Кто-то стучит в стеклянную дверь, ведущую в сад. Жалуюсь на эти заутренние стуки детям.

— Мальчишки-газетчики, — говорят они.

Все бы хорошо, да только я не выписываю газету. Аннулировала подписку. Кому в ненастье нужны новости, дни рождения, смерти и катастрофы? Скопившихся во мне новостей хватит на целую жизнь.

Меж тем соседка напротив шпионит за мной из-за плотных штор. Хочет вызнать, где я прячу акции и облигации.

Жалуюсь детям.

— Как выглядит твоя соседка? — это они меня проверяют.

Отвечаю:

— Как соседка.

Со своего дивана дочери и сын вперяют взгляд в окно, выходящее на ее дом. И минуты через полторы докладывают:

— Никого не видно.

Едва дети уезжают, соседка поднимает штору. Зыркает глазками-бусинками. В нашем поселке держать животных запрещено, но один пронырливый хорек каким-то образом просочился.

В знак уважения к Томовым привычкам включаю Дэна Рэзера[3].

— Вот кто грудью стоит за свежие новости, — говаривал, бывало, Том, тиская мой бюст пятого размера.

Руки у него росли не оттуда. Когда ему сводило судорогой кисть, приходилось вызволять его из моего лифчика.

— Дэн, — говорила я, гася телевизор, — ты Тому и в подметки не годишься.

Мир сделался чересчур ярким, переизбыток солнца и уличных огней. Закрываю глаза. Вспышки электрических лампочек ощущаются через веки.

Приезжают дети.

— Мам, посмотри на меня.

Загораживаюсь рукой.

— Слишком ярко, — говорю.

— Ты меня узнаешь? — спрашивает кто-то из них.

Детям свойственно переоценивать свою важность.

— Это ты, — говорю я, — надоеда.

— Я записала тебя на прием к доктору, — говорит моя неугомонная старшая.

— Он скажет «шурум-бурум» и протянет лапу за моими деньгами, — отвечаю я.

— Для начала мы славно пообедаем, — встревает меньшая, — а потом заглянем на осмотр.

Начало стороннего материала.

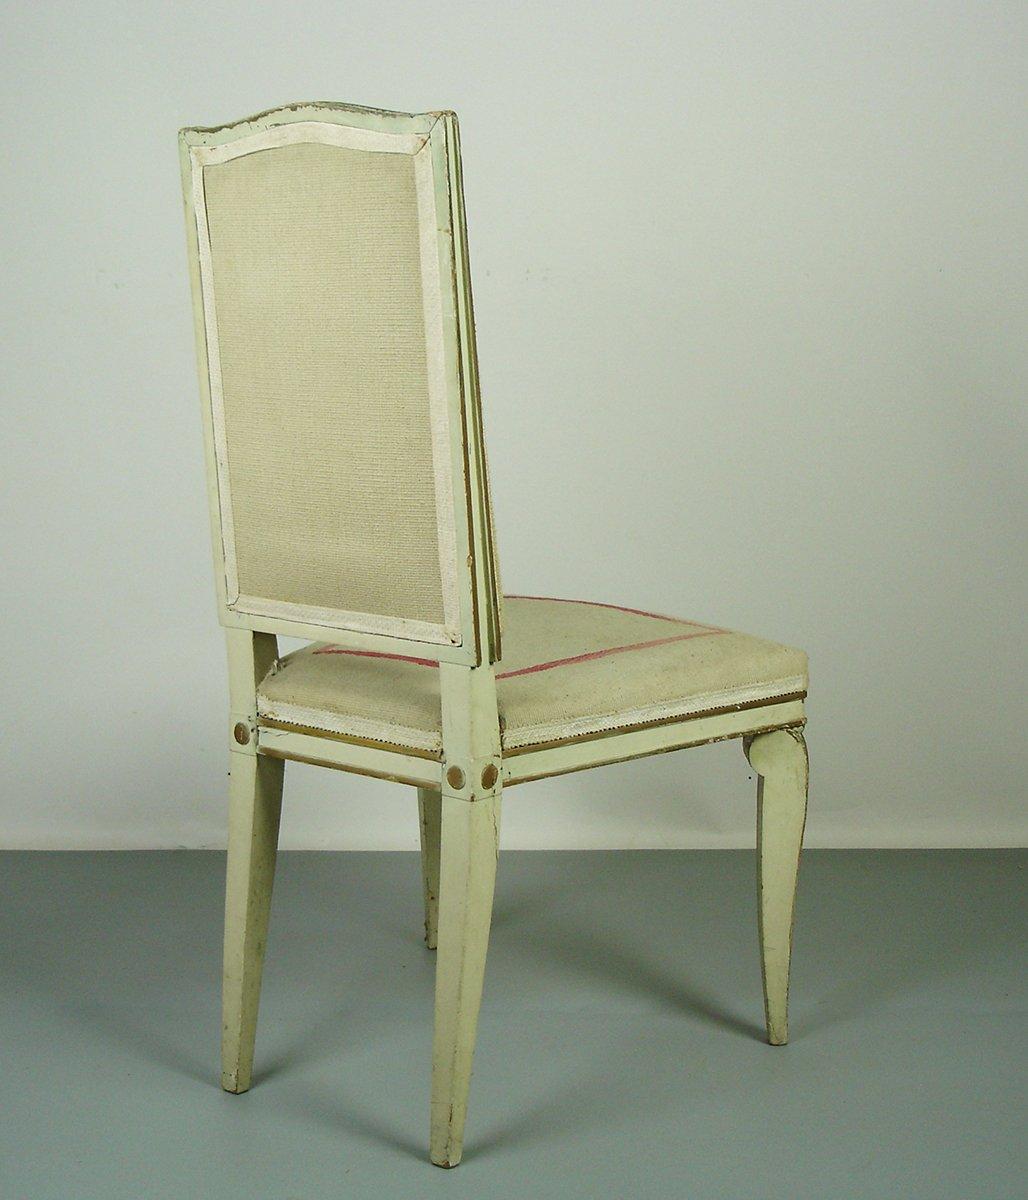 vintage stuhl von andr arbus bei pamono kaufen. Black Bedroom Furniture Sets. Home Design Ideas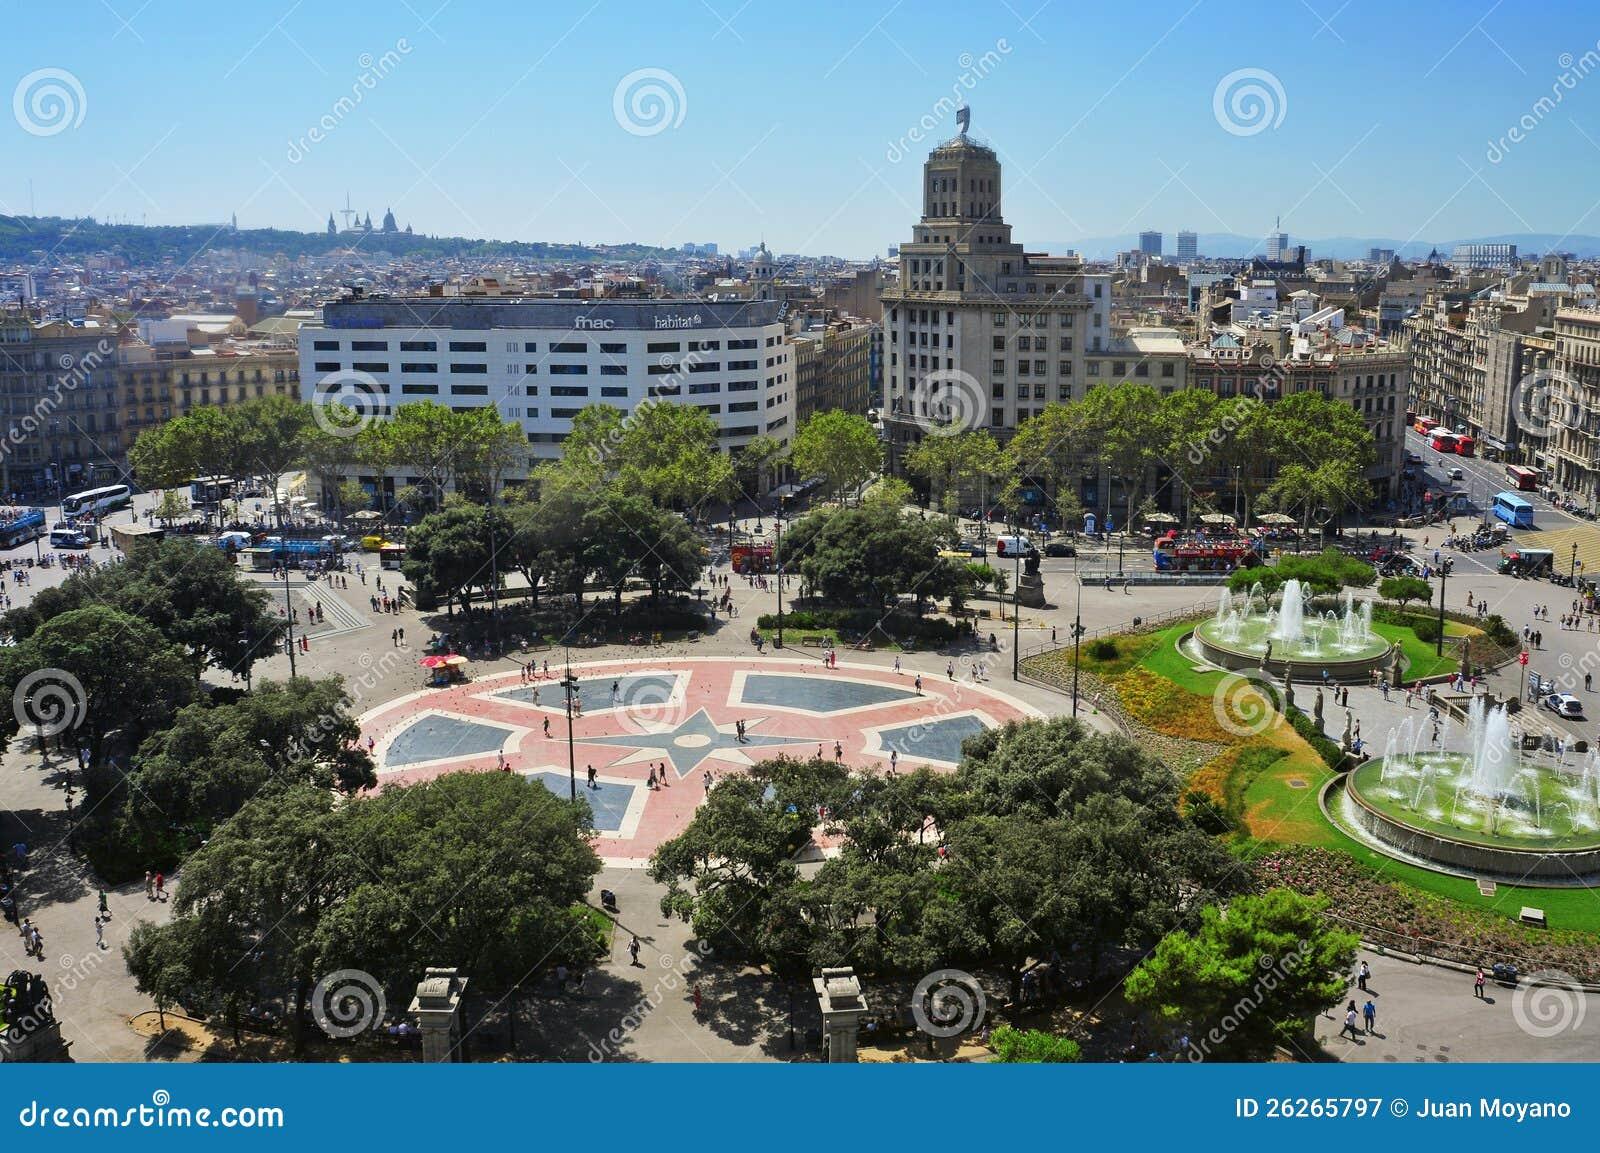 Placa catalunya a barcellona spagna fotografia editoriale for Spagna barcellona

— Что за доктор? — спрашиваю.

Вдруг вспоминаю о мозоли на мизинце ноги.

— Подолог[4] бы не помешал, — соглашаюсь я.

Даже во тьме, занавешенная рукой, я чувствую, как они обмениваются взглядами.

— Конечно, как хочешь, — говорит сын, умиротворитель.

Не открывая глаз, на ощупь, я нахожу и натягиваю какое-то платье и то ли ровно, то ли криво его застегиваю. Довершаю экипировку солнцезащитными очками в красной оправе.

— Погода хмурая, — говорит моя принципиальная старшая. — Очки ни к чему.

Осторожно пробует их с меня снять. Я вцепляюсь в дужки.

— Ну, если они тебе нужны, — сдается она.

За обедом я заказываю салат, но почти сразу бросаю вилку. Что картошка, что помидоры с огурцами, что груши — вкуса у них нет.

— Нам пора, — говорит сын, мой средний ребенок, вечный мастер хронометража, блюститель порядка, арбитр.

Входим.

Дочери, каждая со своей стороны, держат меня под руки. Я упираюсь, тяну их назад.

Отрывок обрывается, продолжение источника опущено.